JTAPI/423/2021 du 29.04.2021 ( LCI ) , IRRECEVABLE

Descripteurs : QUALITÉ POUR AGIR ET RECOURIR;VOISIN
Normes : LPA.60.letb
Parties : REYBIER AUGENBLICK Aude / CHALUT Jean-Luc, RIVA Mary-Claude, DÉPARTEMENT DU TERRITOIRE-OAC, ARTAXE SA, CASSA CONTEMPORARY ARCHITECTURAL SOLUTIONS SA
En fait
En droit
Par ces motifs
RÉPUBLIQUE ET CANTON DE GENÈVE

POUVOIR JUDICIAIRE

A/3437/2020 LCI

JTAPI/423/2021

 

JUGEMENT

DU TRIBUNAL ADMINISTRATIF

DE PREMIÈRE INSTANCE

du 29 avril 2021

 

dans la cause

 

Madame Aude REYBIER AUGENBLICK, représentée par Me Delphine ZARB, avocate, avec élection de domicile

contre

Monsieur Jean-Luc CHALUT, Madame Mary-Claude RIVA, CASSA Contemporary Architectural Solution SAet ARTAXE SA, représentés par Me Christian LUSCHER, avocat, avec élection de domicile

DÉPARTEMENT DU TERRITOIRE


EN FAIT

1.             Madame Mary-Claude RIVA et Monsieur Jean-Luc CHALUT sont copropriétaires de la parcelle n° 5'032 de la commune d'Anières, sise en zone de développement 5, la zone préexistante étant une zone agricole.

2.             Le 15 février 2019, Monsieur Dusan VELEBIT, architecte et administrateur au sein de CASSA Contemporary Architectural Solution SA, a déposé une demande d'autorisation de construire préalable pour le compte d'Artaxe SA, future propriétaire de la parcelle susmentionnée, portant sur la construction d'un habitat groupé (43.5% HPE) de six logements en duplex ainsi qu'un parking souterrain.
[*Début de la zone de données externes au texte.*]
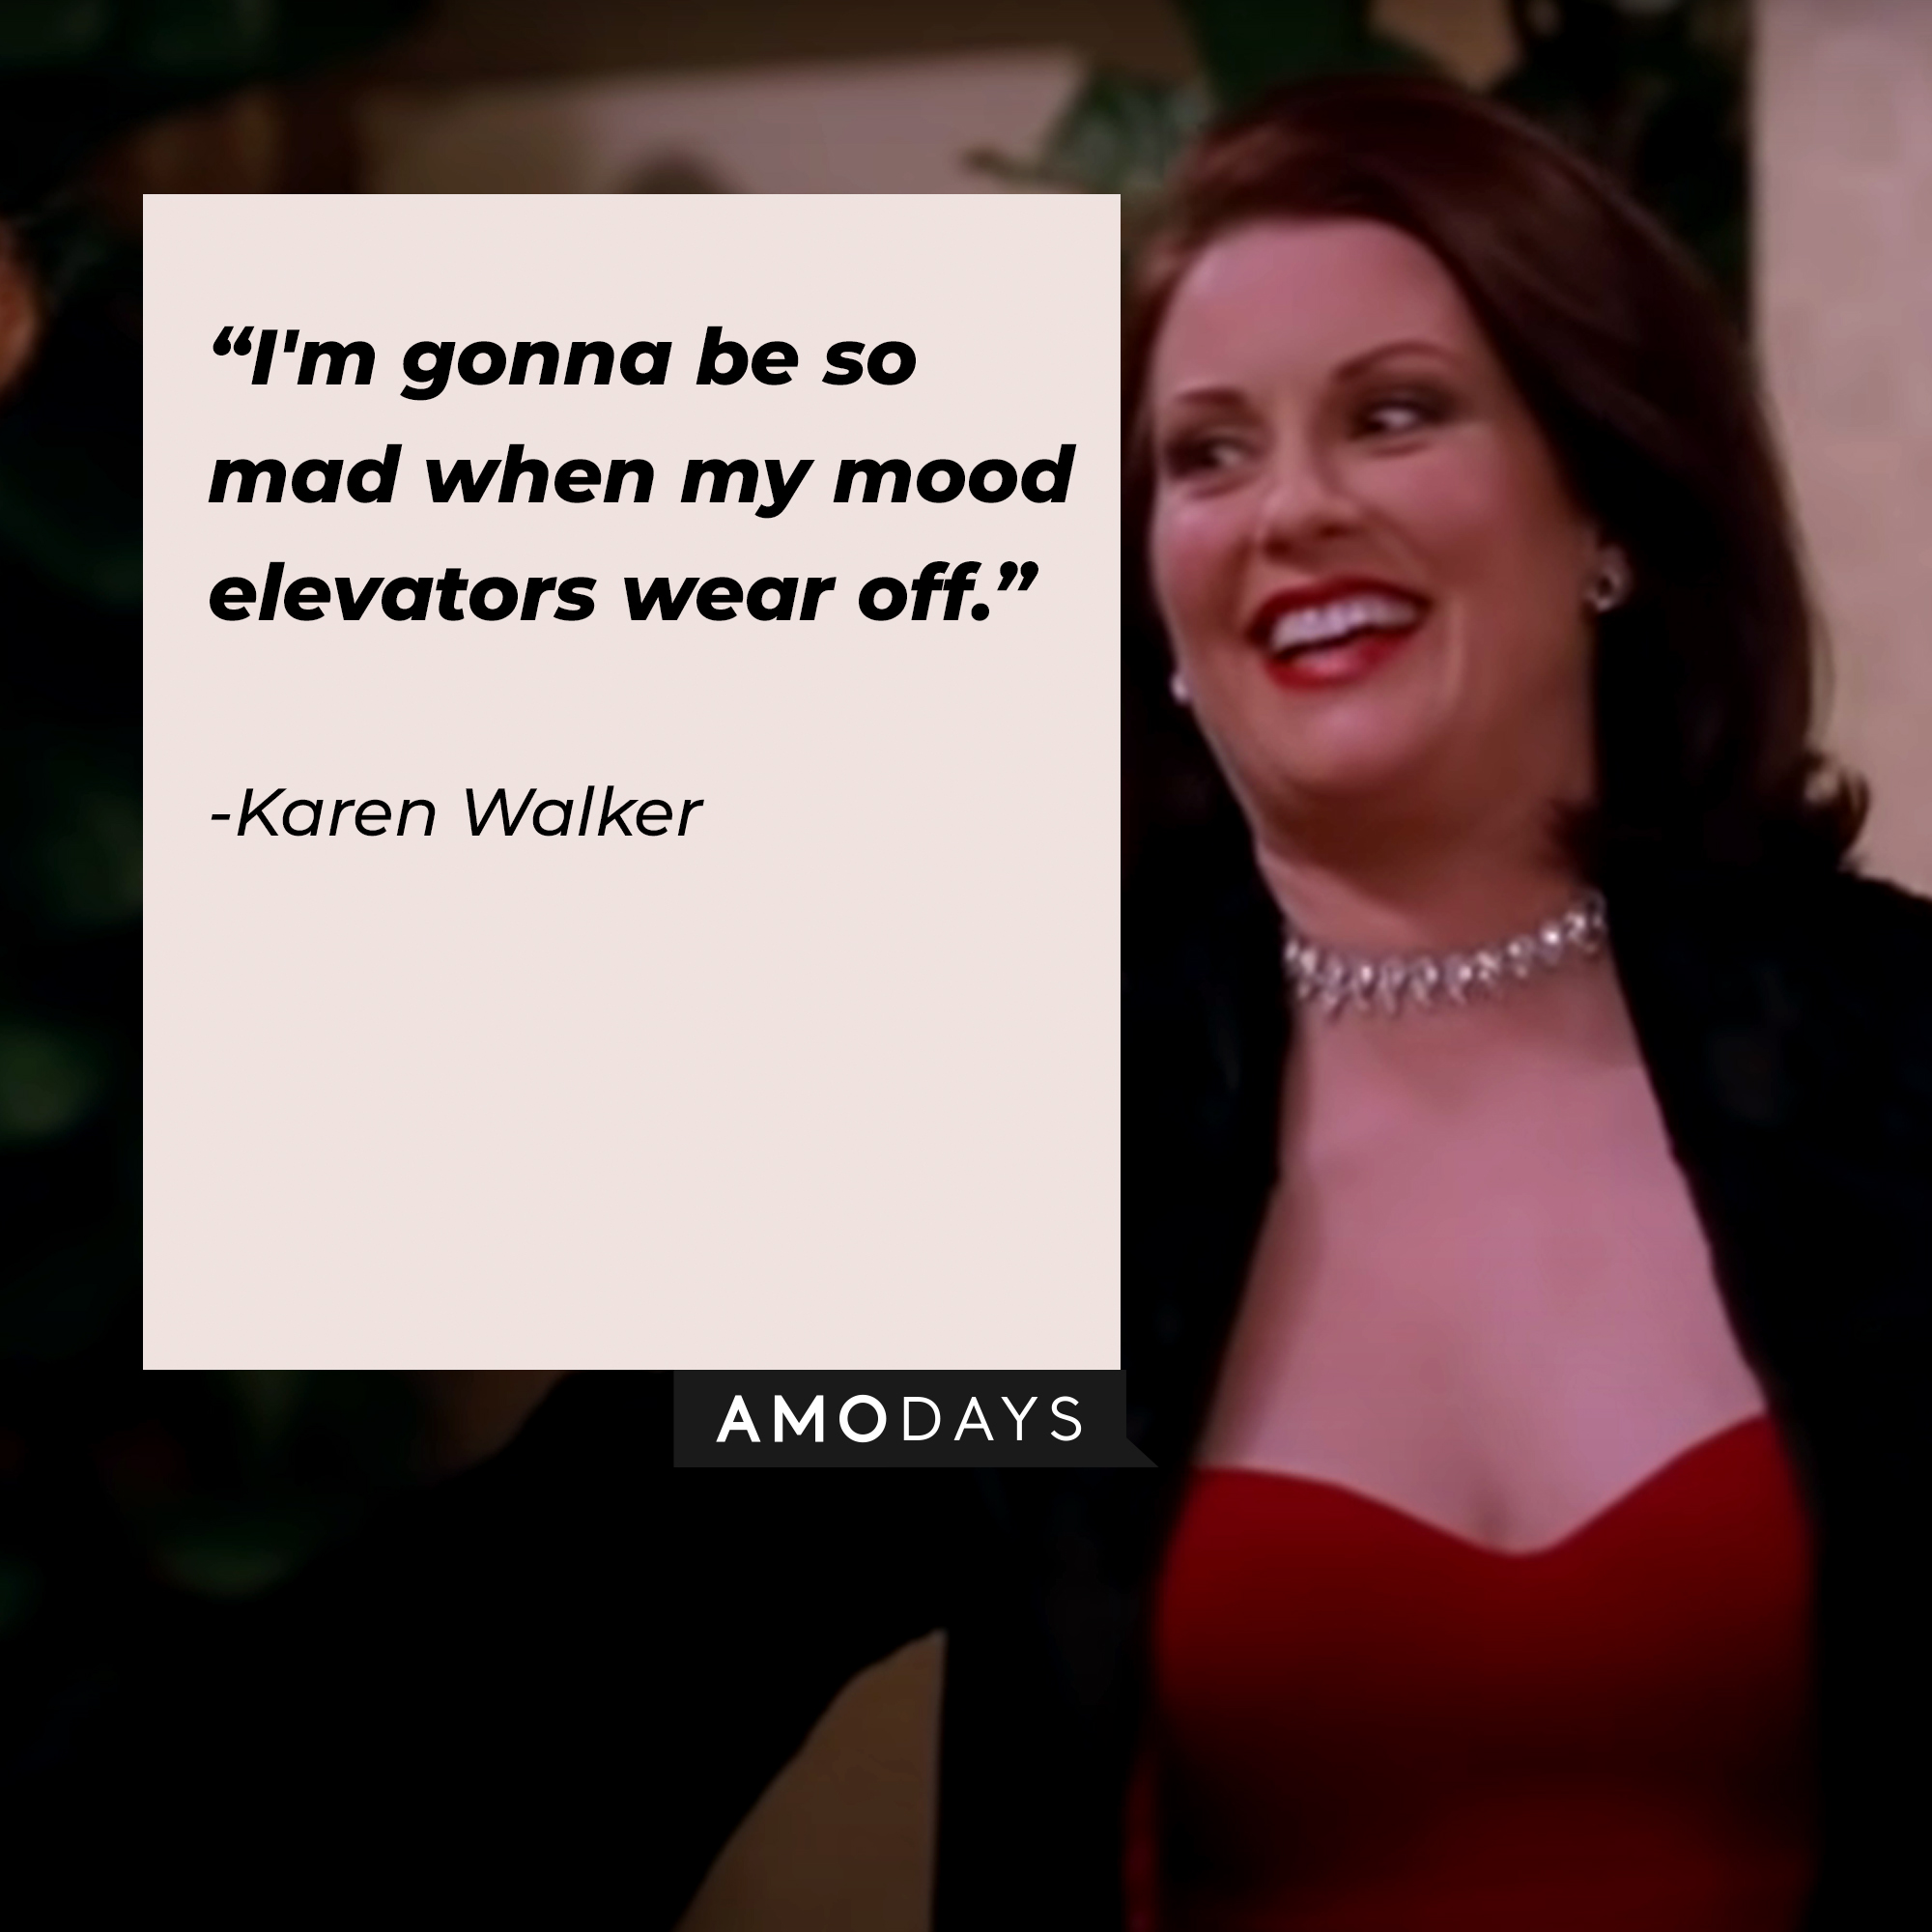 A photo of Karen Walker with the quote, "I'm gonna be so mad when my mood elevators wear off." | Source: YouTube/ComedyBites

Cette demande a été enregistrée sous DP 18'826.

3.             Suite à des modifications du projet et à la transmission de pièces complémentaires, toutes les instances de préavis consultées ont finalement préavisé favorablement le projet.

4.             Par décision du 23 septembre 2020, le département du territoire (ci-après : DT ou le département) a délivré l'autorisation de construire préalable sollicitée.

5.             Par acte du 23 octobre 2020, Madame Aude REYBIER AUGENBLICK, sous la plume de son conseil, a formé recours contre cette décision auprès du Tribunal administratif de première instance (ci-après : le tribunal), concluant principalement à son annulation.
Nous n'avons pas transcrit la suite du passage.